Я тяжело выдохнула. Но как же достало вечно оправдываться перед этими сильными мира сего. Он, видите ли, зять, она – дочь! А я рожей не вышла. И чем, интересно, провинилась? Тем, что полюбила не того человека? Тем, что имела наглость понравиться ему?
– Когда, когда ты сказала? – вдруг резко остановился Коган. – Четыре года назад? – И понимание на его лице не заставило себя ждать. – Так это он?! Отец твоего ребёнка?
Проклятье!
– Да, – встала я. – Но он об этом не знает. И я, надеюсь, если узнает, то не от вас. На моей работе это никак не отразится, обещаю. Ваше поручение я выполню в точности. К следующей менструации эта мнимая беременная планирует инсценировать выкидыш, значит, инсценируем. И на этом, надеюсь, моя миссия будет закончена. Гарантировать женится он на ней или нет, я не могу. Но всё, что от меня потребуется как от врача, сделаю на высшем уровне.
– Так ей нужна эта беременность, чтобы он женился? – с пониманием скривился Коган.
– Так по крайней мере она сказала мне.
– Ну вот, – злорадно усмехнулся он, – а говоришь, не обсуждали свадьбу. Ладно, идите, Эльвира Алексеевна. Никогда бы не подумал, что это скажу, но никак я не ожидал, что моя лучшая студентка, врач, – потряс он пальцем, – и будет по гостиницам… бингерлѐ устраивать.
Брезгливо скривился. И это его бингерлѐ тоже обидно резануло.
Загадочным словом, что с немецкого можно перевести как «трали-вали» профессор Коган, а до него только император Александр Второй и его фаворитка княжна Долгорукова называли то, что мы сейчас смело называем секс или используем другие современные эвфемизмы плотских утех.
– Станислав Владиславович, – едва не заскрипела я зубами, – да не ходили мы в гостиницу, я на лекцию опаздывала, а он…

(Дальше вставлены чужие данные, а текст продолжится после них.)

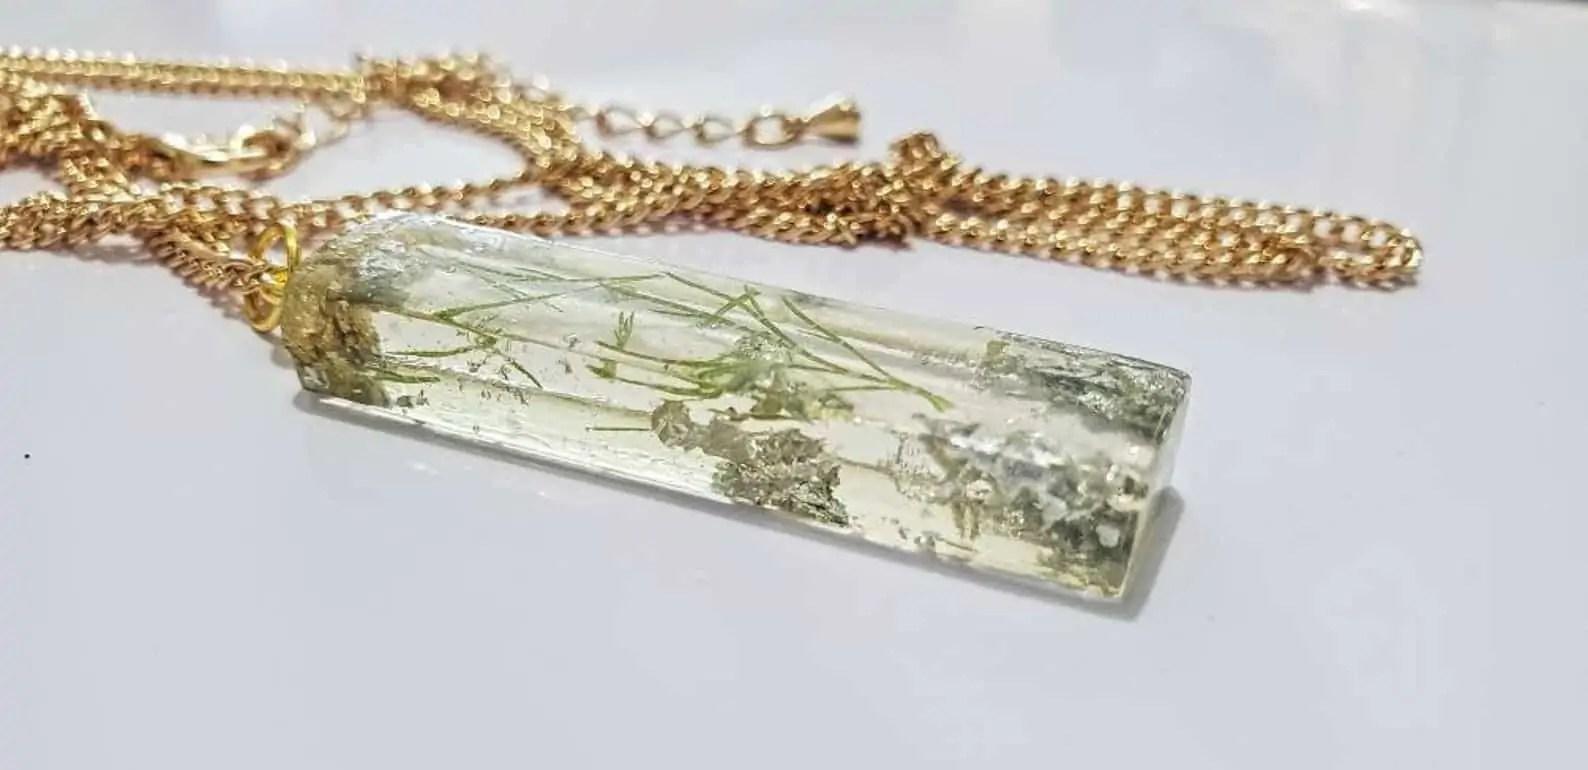 BounceBackJewelry | COLVIN: 3D Rectangle Resin Necklace Pendant | Black Etsy Seller from Canada
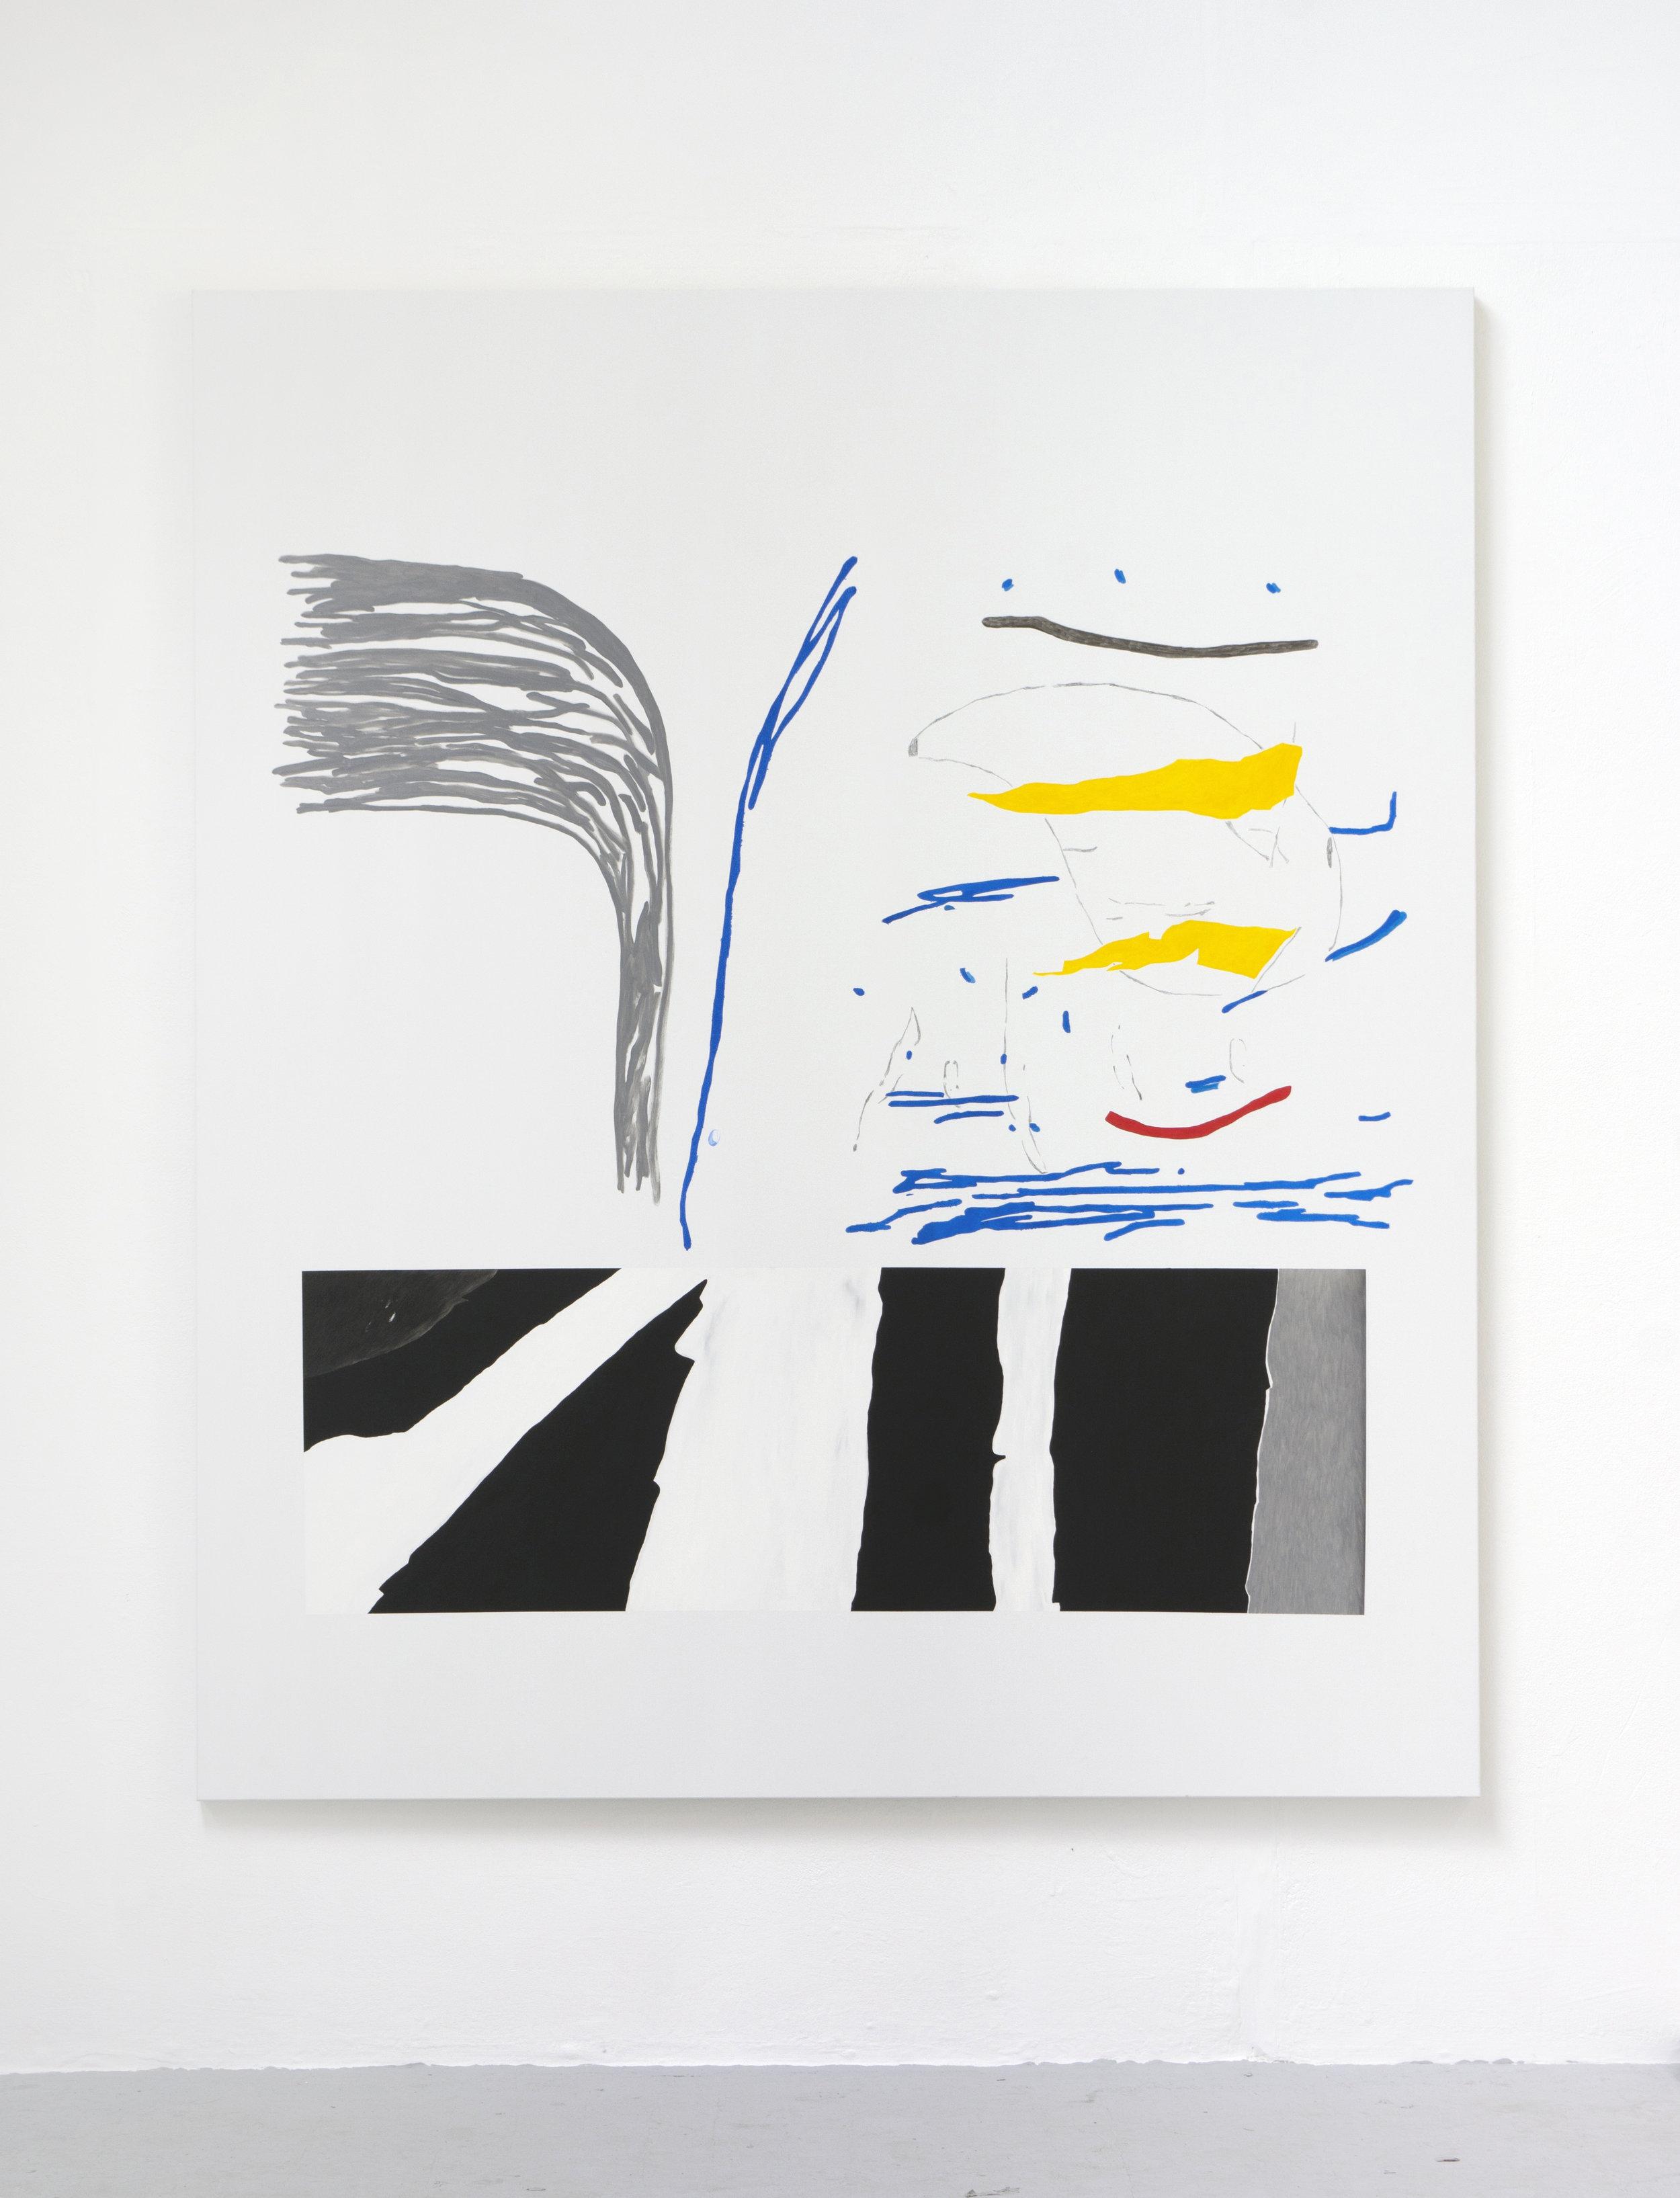 'Hybrid #1' - Acrylic, alkyd, graphite and pencil on canvas - 200 x 157 cm - 2018

– Иди уже! – рявкнул он. – Иди, Эльвира с глаз моих долой. Но знай, если мы из-за тебя не получим денег. А мы их явно не получим, если этот Верейский не женится на девчонке Пашутина. То предупреждаю: белого света тебе будет мало. Не подводи меня!
Я онемела, глядя в его налившееся кровью лицо, на сбившуюся в сторону бабочку.
– Давай, давай! – он вытолкал меня за дверь, не дав возразить. Но я услышала, как он добавил. – Не война вроде, в мирное время живём, а взяли моду рожать «для себя», безотцовщину плодить.
Потерянная, оглушённая я шла к своему кабинету, и сердце стучало где-то в висках, в голове, в ушах – бесновалось от обиды, унижения, несправедливости.
Горечь и негодование кипели в душе. Да как вы смеете! Вы – все! И не то, чтобы я испугалась старика, а было Когану уже хорошо за семьдесят – в прошлом году отмечали пятидесятилетие его профессиональной деятельности. Но мне и так было погано, а стало ещё хуже.
Я и так измучилась, думая, что делать. А теперь, оказалось, ещё и виновата, во всём: что родила не от того человека, что его невеста тупа, раз до сих пор считает, что ребёнком можно удержать мужика, но ни этом трахается с кем попало, и даже в том, что Коган уже раскатал губу на деньги Пашутина.
Вместо того, чтобы послушаться и прижать хвост, хотелось воевать. В душе рос протест. И желание вцепиться в Верейского двумя руками и не отпускать как никогда казалось правильным. Не придумывать себе ничего, не прогнозировать. Что случится – то случится. Поведать ему правду о его невесте и каких-то там акциях. Рассказать о дочери. О своих чувствах. Довериться. Открыться. Пустить его в свою жизнь. И перестать уже бояться. Надоело.
Но как нормальная здравомыслящая женщина, с принципами, взрослая, независимая, давшая слово и привыкшая выполнять свои обещания, я ведь не могла себе такого позволить. У меня семья, работа, докторская, ребёнок, пожилые родители. Мне надо зарабатывать и на что-то жить. Мне приходится прогибаться и соблюдать правила. Мне не стоит лезть на баррикады и кому-то что-то доказывать.
Мне было горько, обидно, больно и тошно. Ведь мне так ясно дали понять, я – никто, мои чувства – ничто, я должна делать, что скажут и не отсвечивать.
Молча брать и делать.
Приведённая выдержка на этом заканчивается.